Transaction structuring

The structuring of purchase or sale transactions and their financing aimed at ensuring tax efficiency.

The structuring of transactions is aimed at ensuring tax efficiency.

Within restructuring of any capital groups, we support our Clients in mergers, demergers, in-kind contributions, disposals etc. M&A tax group support involves assistance in process planning, preparation of timeline, definition of any tax obligations and liabilities, applications for tax rulings, and ongoing tax advisory.

 

Our works include assistance in analysing possible acquisition/sale/restructuring and financing options as well as tax structuring of the purchase or sale transaction and its financing to ensure its tax efficiency. KPMG performs analysis of transaction-related tax liabilities including withholding tax on interest and dividends, thin capitalisation restrictions, companies’ substance, the impact of OECD and BEPS rules, GAAR clause and transfer-pricing obligations.
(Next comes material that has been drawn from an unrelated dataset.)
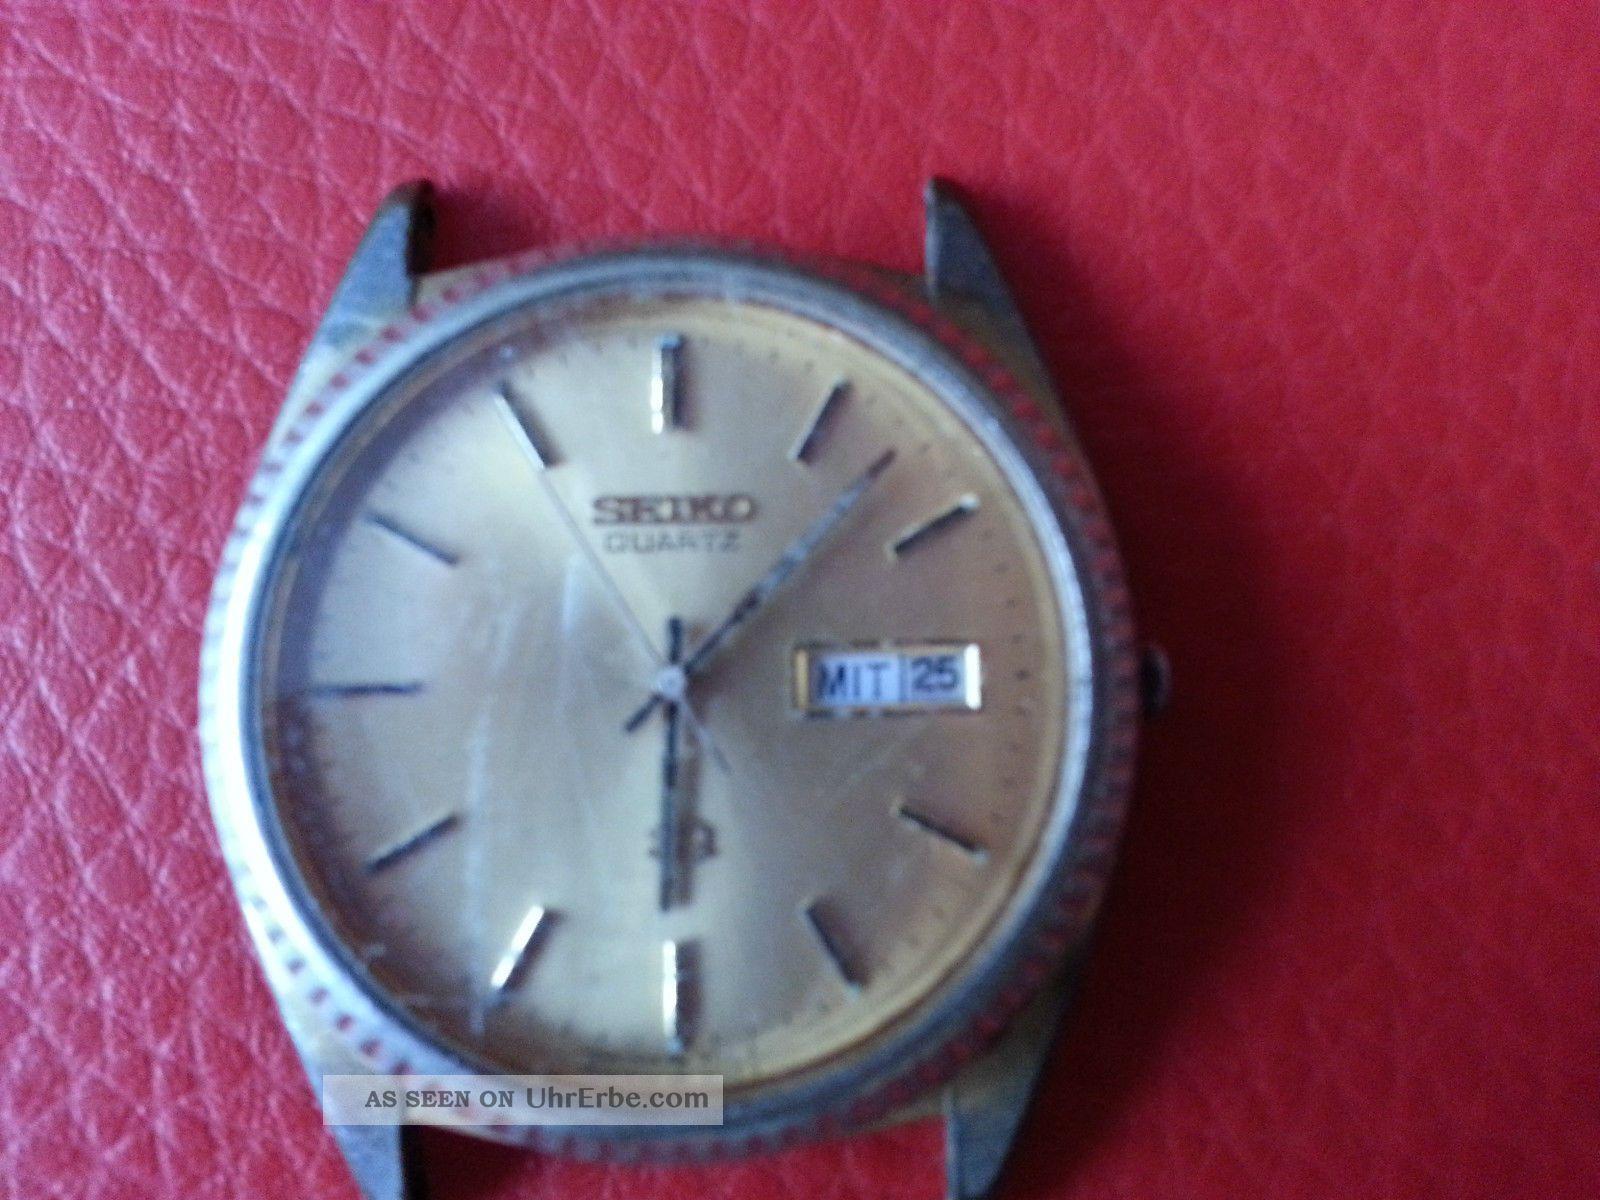 Alte Seiko Armbanduhr Armbanduhren Bild

As part of our services we prepare a report (a strawman paper) that presents the main, relevant tax implications for the given transaction.

Our services include collaboration with the Investor’s legal advisors, which allows us to analyse and comment on the provisions contained in legal documents, including the share purchase agreement (SPA). Our works also include analysis of other transaction/restructuring documents. Based on the documents provided, we assist in identifying areas exposed to tax risk, and we propose amendments to provisions that might lead to unfavourable tax implications.

In respect of asset deals, the M&A tax team prepares an analysis of the status of assets for their proper qualification for VAT purposes, applications for tax rulings, price split, real estate tax analysis, VAT analysis, appropriate rates assignment as well as assistance in VAT recovery.